Now that we have imported the library, we can create data frames. As you saw in the lesson videos, we can create a data frame using the data frame constructor.

However, it is far more common to load data from a file, so that is how we will load our data in this lab.

First we will load the dataset `dogs.csv`.

To display the dataset we justed loaded, we will write the variable name on a new line.

In [None]:
df = pd.read_csv('dogs.csv')

df

In [None]:

print(df.shape)
print('this table has ',df.shape[0], ' rows x ',df.shape[1], 'columns')

 Python has many data visualisation libraries. One of the easiest to use is Plotly Express. In this module we will just be touching on the basics of visualisation in Python.

We will be importing pandas and plotly express. This is usually going to be done once at the top of our notebook.

**If the import for Plotly gives an error such as "No module named plotly" then refer to the installation instructions.**

In [None]:
import pandas as pd
import plotly.express as px

To test that Plotly is working, we're just going to run the first example from the Plotly documentation.

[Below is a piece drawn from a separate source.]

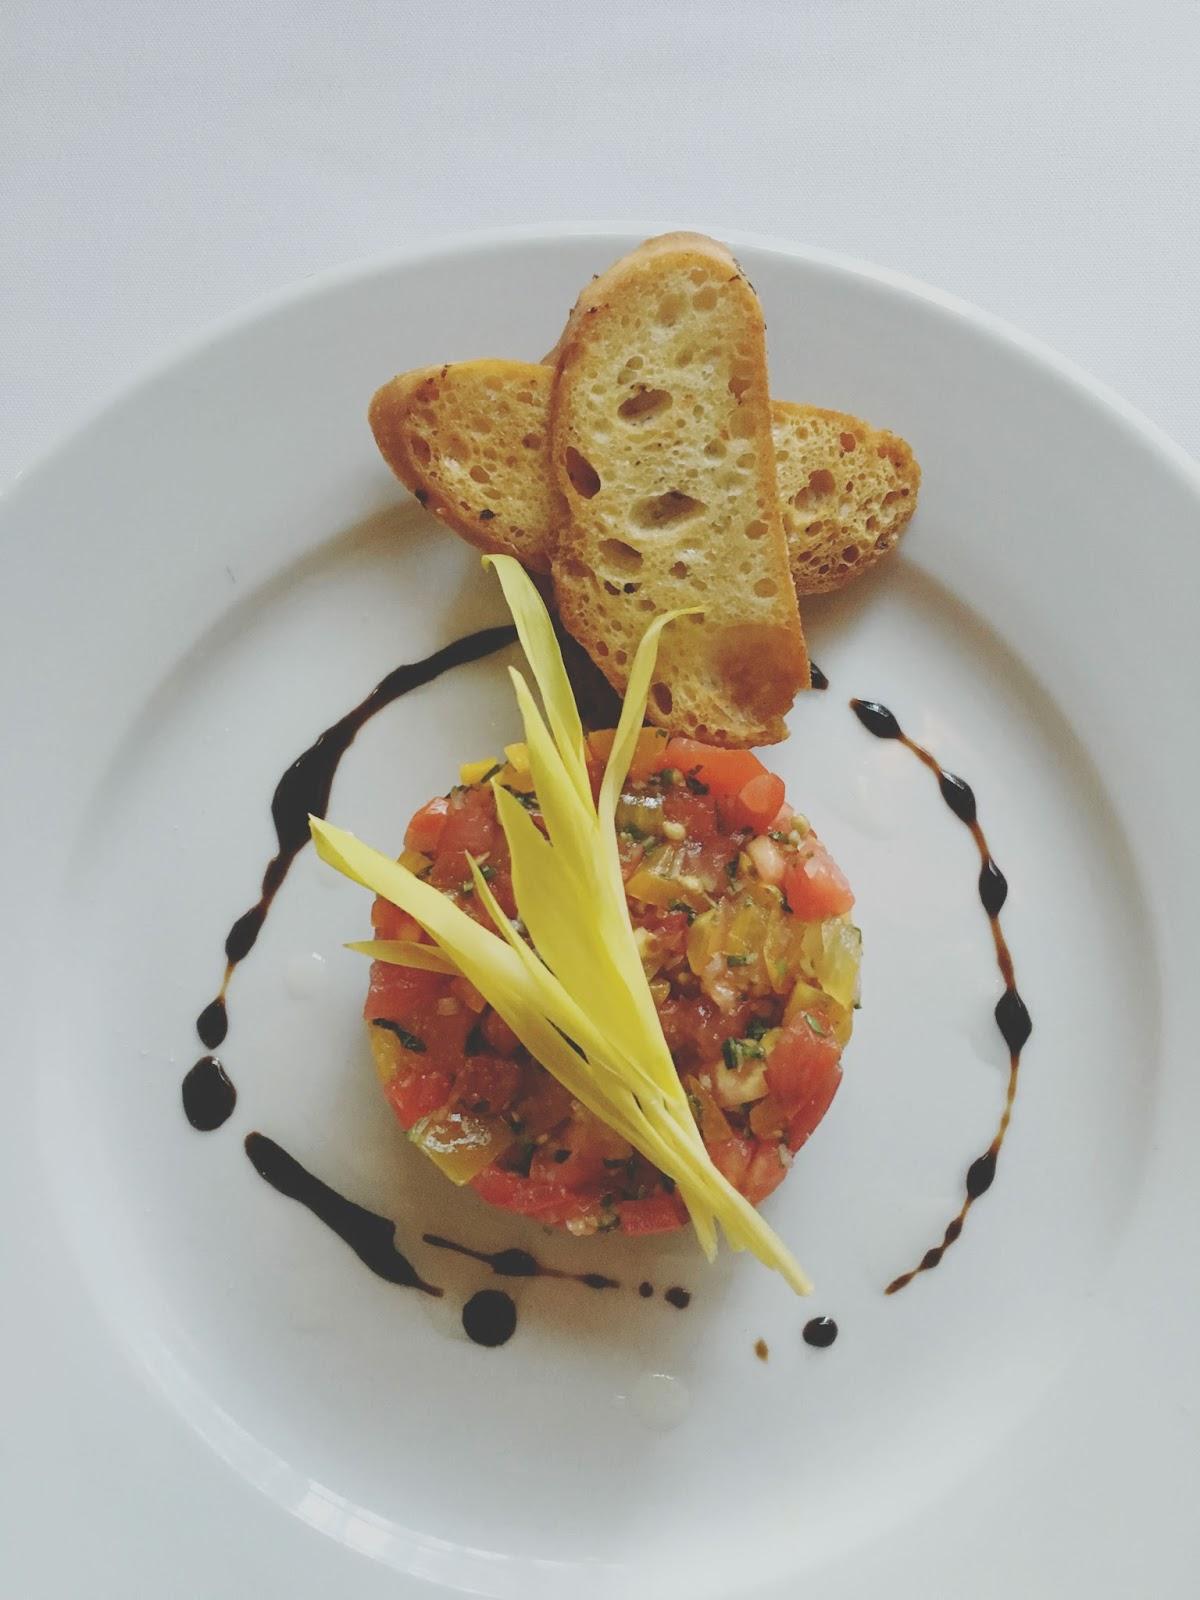 tomato tartare at Eddie V's - A restaurant in Houston, Texas
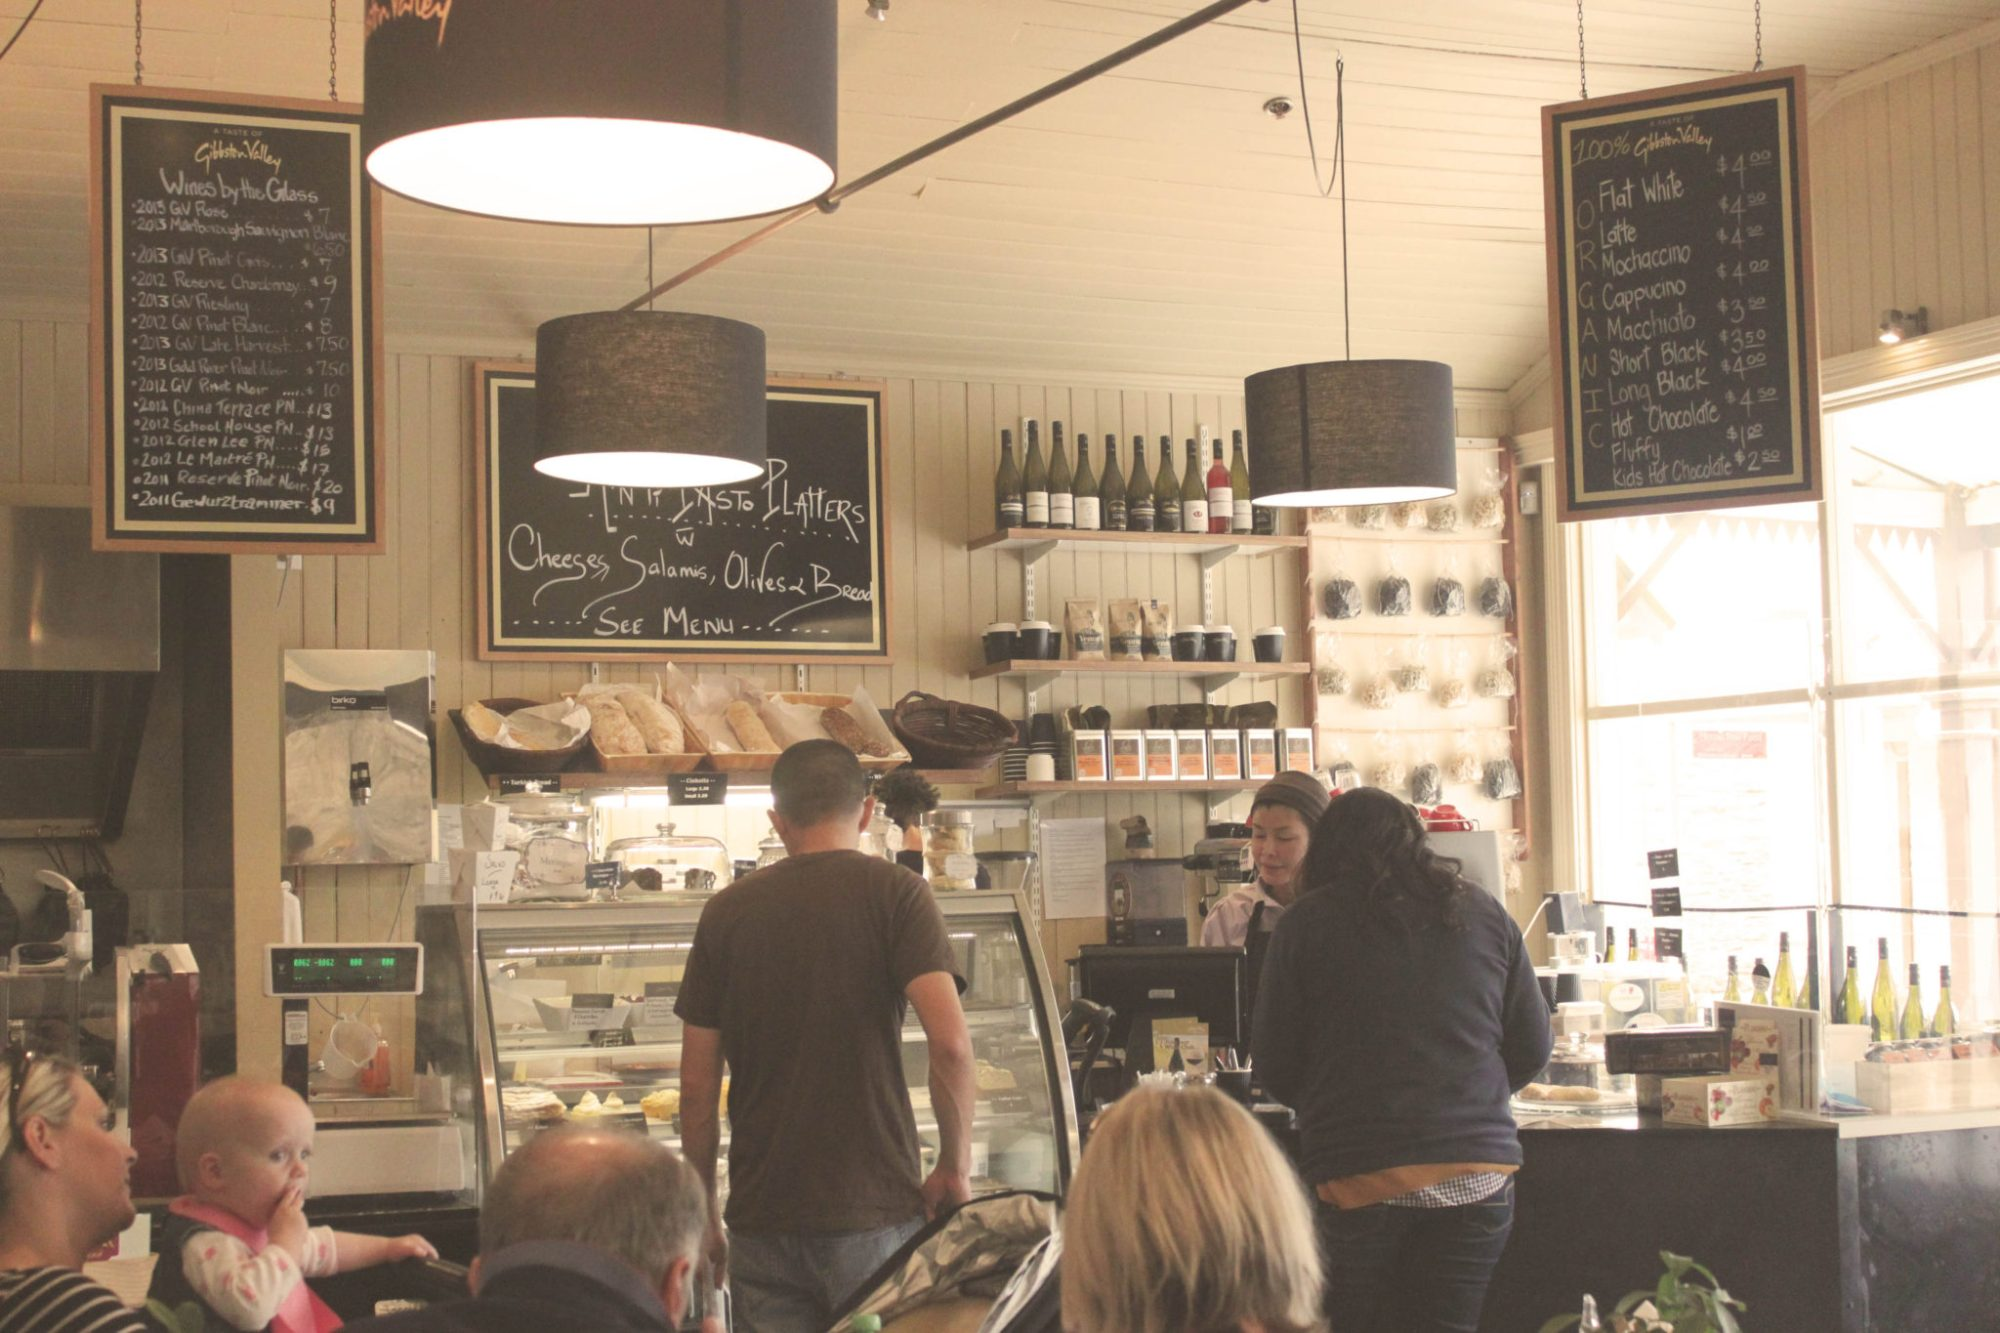 Best places to eat in Queenstown New Zealand   8 Unforgettable things to do in Queenstown New Zealand #queenstown #newzealand #simplywander

Run the code below to render a scatter plot.

**If you are using JupterLab and the plot area is completely blank then refer to the installation instructions.**

**If you are still having issues and can't get Plotly to work at all in JupyterLab, try it in Jupyter Notebook, since that seems to work more reliably**

In [None]:
df = pd.read_csv('dogs.csv')
print(df['UK Registrations'])
px.scatter(df, x="UK Registrations", y="Weight (kg)", log_x=True, size="UK Registrations",color="Breed Name")

Now we know how to create plots in Plotly Express. You can also create 2D and 3D scatter plots, bar charts, and animated 2D scatter plots.

It is very important to be able to refer to the official Plotly documentation when trying to build a plot if you don't have all of the dozens of plot types and hundreds of function arguments memorized.

So always read the documentation while building a plot.

In [None]:
px.bar(df, x="UK Registrations", y="Breed Name", color="Breed Name")

In [None]:
px.line(df, x="UK Registrations", y="Breed Name")

In [None]:
px.pie(df,values="UK Registrations",names="Breed Name",title="UK registration per breed")

In [None]:
px.histogram(df, x="Weight (kg)",color='Breed Name')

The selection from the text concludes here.